Task objective:
Here is the task for the records below: repeat exactly the lines from the one with "Иван Шишкин. Пейзаж." to the one with "atelier Amedeo Modigliani", both included, and nothing else.

Dataset records:
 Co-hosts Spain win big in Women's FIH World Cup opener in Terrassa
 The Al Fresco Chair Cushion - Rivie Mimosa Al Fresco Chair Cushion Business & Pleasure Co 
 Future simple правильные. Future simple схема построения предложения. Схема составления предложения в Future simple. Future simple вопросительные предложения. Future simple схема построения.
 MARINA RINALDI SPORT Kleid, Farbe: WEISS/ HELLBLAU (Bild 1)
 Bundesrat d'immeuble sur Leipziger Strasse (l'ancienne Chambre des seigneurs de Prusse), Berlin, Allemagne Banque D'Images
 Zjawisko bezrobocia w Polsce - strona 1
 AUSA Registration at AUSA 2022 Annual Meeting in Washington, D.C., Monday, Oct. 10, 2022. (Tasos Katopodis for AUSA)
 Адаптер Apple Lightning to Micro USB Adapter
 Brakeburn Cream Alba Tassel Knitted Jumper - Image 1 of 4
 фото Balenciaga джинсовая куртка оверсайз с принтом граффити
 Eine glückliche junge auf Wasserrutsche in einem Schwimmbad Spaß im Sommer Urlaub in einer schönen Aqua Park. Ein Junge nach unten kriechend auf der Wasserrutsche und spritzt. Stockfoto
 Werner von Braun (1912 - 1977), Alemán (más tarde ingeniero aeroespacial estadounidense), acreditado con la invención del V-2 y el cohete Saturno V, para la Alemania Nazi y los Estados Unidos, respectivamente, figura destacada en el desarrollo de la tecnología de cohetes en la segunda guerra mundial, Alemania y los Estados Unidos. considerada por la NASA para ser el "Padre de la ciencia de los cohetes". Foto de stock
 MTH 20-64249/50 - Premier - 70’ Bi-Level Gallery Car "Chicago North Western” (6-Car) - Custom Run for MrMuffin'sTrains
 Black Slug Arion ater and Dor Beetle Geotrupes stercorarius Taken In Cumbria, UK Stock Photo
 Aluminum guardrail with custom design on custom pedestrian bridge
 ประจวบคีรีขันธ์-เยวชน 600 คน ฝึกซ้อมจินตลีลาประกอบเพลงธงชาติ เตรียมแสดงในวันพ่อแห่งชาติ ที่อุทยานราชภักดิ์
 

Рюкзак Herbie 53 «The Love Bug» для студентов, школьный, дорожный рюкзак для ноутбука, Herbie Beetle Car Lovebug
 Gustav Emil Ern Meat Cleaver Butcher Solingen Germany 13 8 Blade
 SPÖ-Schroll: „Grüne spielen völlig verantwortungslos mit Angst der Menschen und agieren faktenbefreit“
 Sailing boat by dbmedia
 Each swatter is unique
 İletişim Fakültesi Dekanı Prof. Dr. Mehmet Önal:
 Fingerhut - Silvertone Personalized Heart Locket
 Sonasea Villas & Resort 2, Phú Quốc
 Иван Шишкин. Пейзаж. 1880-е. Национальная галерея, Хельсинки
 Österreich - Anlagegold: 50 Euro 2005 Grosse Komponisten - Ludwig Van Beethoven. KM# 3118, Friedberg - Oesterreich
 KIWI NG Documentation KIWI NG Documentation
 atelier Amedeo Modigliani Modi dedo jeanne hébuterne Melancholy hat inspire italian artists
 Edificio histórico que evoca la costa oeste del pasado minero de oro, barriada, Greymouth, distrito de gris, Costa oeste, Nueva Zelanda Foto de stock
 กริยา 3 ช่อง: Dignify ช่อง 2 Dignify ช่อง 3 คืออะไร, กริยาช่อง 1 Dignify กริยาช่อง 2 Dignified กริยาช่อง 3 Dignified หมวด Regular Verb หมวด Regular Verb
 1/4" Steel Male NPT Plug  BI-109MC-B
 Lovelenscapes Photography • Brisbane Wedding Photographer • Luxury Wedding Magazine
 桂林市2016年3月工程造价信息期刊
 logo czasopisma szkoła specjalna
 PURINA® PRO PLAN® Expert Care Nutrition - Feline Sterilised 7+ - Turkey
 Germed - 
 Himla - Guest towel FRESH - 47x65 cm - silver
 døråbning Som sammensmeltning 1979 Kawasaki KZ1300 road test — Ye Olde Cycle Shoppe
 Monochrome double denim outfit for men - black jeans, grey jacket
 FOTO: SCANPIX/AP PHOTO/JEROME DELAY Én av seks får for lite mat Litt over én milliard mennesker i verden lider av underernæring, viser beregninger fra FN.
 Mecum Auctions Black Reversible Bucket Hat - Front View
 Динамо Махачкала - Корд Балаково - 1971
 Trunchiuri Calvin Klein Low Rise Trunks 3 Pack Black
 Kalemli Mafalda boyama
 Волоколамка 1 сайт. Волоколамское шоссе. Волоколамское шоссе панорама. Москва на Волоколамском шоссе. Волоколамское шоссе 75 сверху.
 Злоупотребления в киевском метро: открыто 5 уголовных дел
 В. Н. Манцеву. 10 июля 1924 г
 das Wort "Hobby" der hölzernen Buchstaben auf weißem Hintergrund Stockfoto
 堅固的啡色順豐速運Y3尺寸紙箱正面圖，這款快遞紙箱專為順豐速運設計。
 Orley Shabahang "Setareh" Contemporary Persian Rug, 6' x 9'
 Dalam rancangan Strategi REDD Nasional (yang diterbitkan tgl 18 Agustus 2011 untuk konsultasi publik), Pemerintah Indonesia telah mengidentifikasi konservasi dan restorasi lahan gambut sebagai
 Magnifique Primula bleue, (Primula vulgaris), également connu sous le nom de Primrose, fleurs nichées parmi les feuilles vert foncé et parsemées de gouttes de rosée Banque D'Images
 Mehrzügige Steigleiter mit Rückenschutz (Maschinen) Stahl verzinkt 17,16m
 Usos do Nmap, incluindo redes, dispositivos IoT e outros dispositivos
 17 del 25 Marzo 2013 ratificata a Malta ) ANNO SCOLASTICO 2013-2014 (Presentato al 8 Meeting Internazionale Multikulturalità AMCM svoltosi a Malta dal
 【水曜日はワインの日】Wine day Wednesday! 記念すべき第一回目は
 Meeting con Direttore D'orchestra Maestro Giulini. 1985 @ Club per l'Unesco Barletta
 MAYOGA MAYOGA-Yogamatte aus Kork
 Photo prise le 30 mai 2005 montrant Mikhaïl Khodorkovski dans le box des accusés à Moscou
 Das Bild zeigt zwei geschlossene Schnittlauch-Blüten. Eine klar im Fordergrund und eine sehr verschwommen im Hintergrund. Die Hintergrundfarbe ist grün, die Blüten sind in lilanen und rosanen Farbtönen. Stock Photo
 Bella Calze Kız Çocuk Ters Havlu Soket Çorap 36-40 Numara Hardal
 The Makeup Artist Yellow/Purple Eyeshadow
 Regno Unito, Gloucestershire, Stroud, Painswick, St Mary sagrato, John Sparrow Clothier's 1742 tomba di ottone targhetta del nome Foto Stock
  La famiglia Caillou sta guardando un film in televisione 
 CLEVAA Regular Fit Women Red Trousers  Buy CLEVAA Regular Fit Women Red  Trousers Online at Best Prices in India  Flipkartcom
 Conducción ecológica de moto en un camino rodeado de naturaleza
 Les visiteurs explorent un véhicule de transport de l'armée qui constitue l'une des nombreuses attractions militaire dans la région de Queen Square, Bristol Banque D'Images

Output:
 Иван Шишкин. Пейзаж. 1880-е. Национальная галерея, Хельсинки
 Österreich - Anlagegold: 50 Euro 2005 Grosse Komponisten - Ludwig Van Beethoven. KM# 3118, Friedberg - Oesterreich
 KIWI NG Documentation KIWI NG Documentation
 atelier Amedeo Modigliani Modi dedo jeanne hébuterne Melancholy hat inspire italian artists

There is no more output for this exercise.